I mean -- this is fine, right? This is normal.

There`s eight states having primaries and runoff elections tomorrow. And it is amazing that a very basic level that people assert concerning themselves with the potency of endorsements in some of those races, from that guy who just described.

I mean, we`re trying to figure out if even his lawyers are potentially going to jail. And he`s the most important figure in Republican Party politics, still, really?

It`s amazing. But let`s talk about the situation tomorrow, a surprise witness or witnesses who apparently were not going to know the identity of until this last-minute surprise January 6 hearing kicks off at 1:00 p.m. Eastern. Something urgent about the evidence the investigators have obtained, or witness testimony they`re about to show us tomorrow, that require them to up and end their schedule and rush this hearing out on zero notice.

What should we know about that, what should we know about how investigators, thinking about things like this, what is the timing tell us is the rush here likely to be about preserving evidence, or making sure one piece of witness testimony comes out before another. I mean, the Department of Justice appears to have coordinated a one day surprise snowstorm, of subpoenas and search warrants for people allegedly involved in parts of Trump`s scheme stay in power.

Now, we`ve got the surprise public hearing being announced less than a week after the Justice Department took those dramatic steps last week. Are those things connected? What`s going on here? What can we discern from what we`ve been allowed to see thus far?

Joining us now, is Barbara McQuade. She`s former U.S. attorney for the Eastern District of Michigan. She`s now professor the University of Michigan Law School.

Barbara, it`s great to see you.

Thank you very much for taking the time to be here tonight

BARBARA MCQUADE, MSNBC LEGAL ANALYST: Thanks for having me, Rachel.

MADDOW: So, let me ask if I`m asking questions that make sense. Obviously, we don`t know what`s going to be happening at this hearing tomorrow. There`s a lot we don`t know. In particular about the federal grand jury investigation, or investigations that seem to be underway.

But given what we can`t see, is there reason to either make an informed bit of speculation or to say that we know how some of these things might interrelate?

MCQUADE: Yeah, I don`t think we know but I think we can make an educated guess. Prosecutors are fond of saying there`s no such thing as coincidences. And I have to believe that these things are related in some way.
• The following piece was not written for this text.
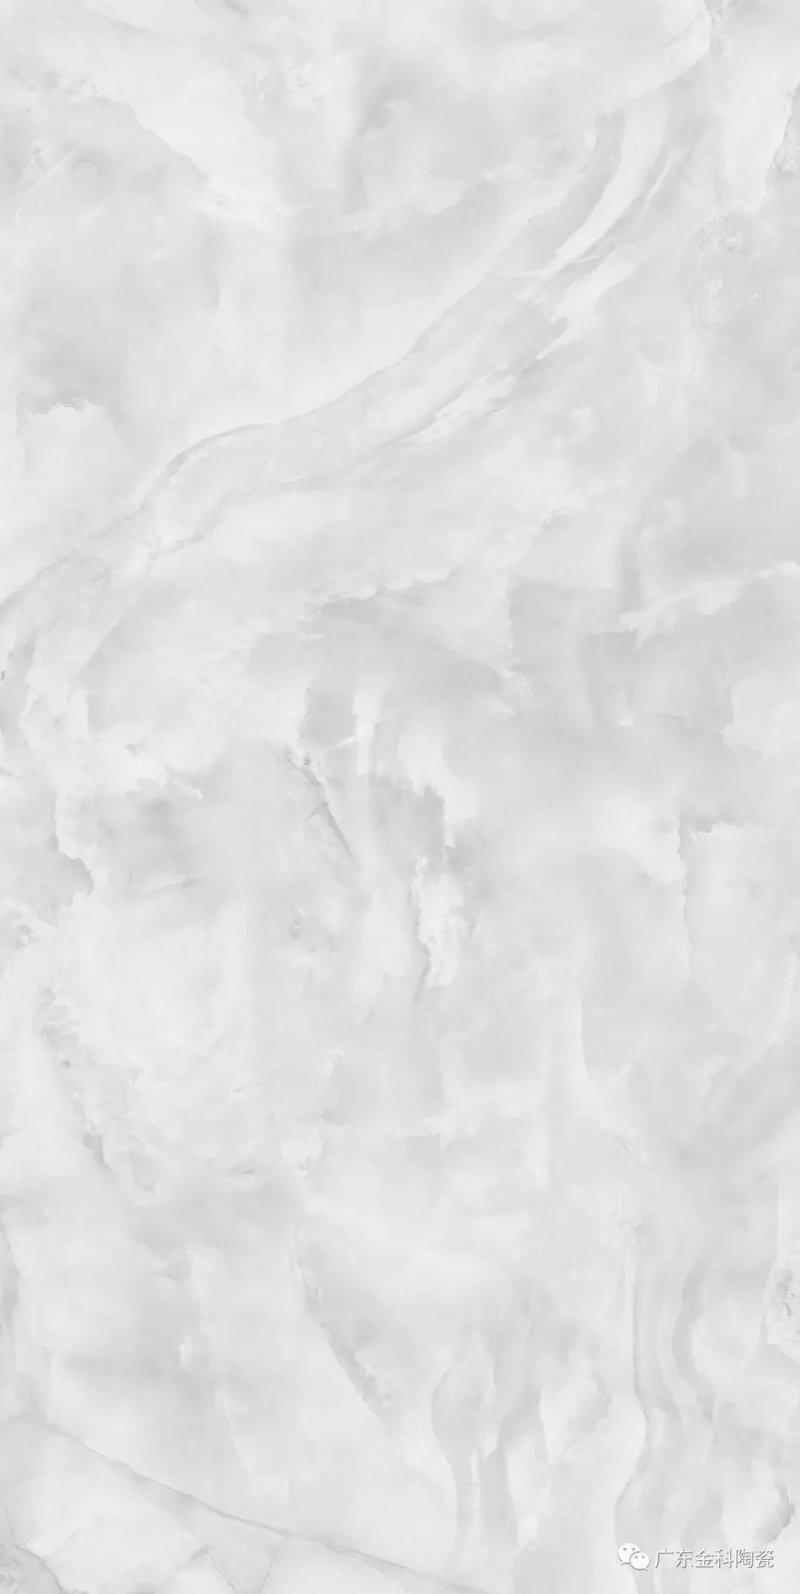 金科陶瓷图片 全瓷现代砖装修效果图

You may recall, that the hearing day for DOJ day, which was held last Thursday, was actually supposed to be on the prior Wednesday. That got mysteriously delayed, and the reason for it was that their video guys need to get their act together, which didn`t ring true in light of the heroic job they had done just two days earlier in the Bill Stepien case when his wife went into labor, these are pretty professional people.

And so, that delay struck me as a bit odd, and we find out that last Wednesday was this day when there was a barrage of search warrants, grand jury subpoenas going out, and was only the next day the Justice Department day happened before the January 6 hearing.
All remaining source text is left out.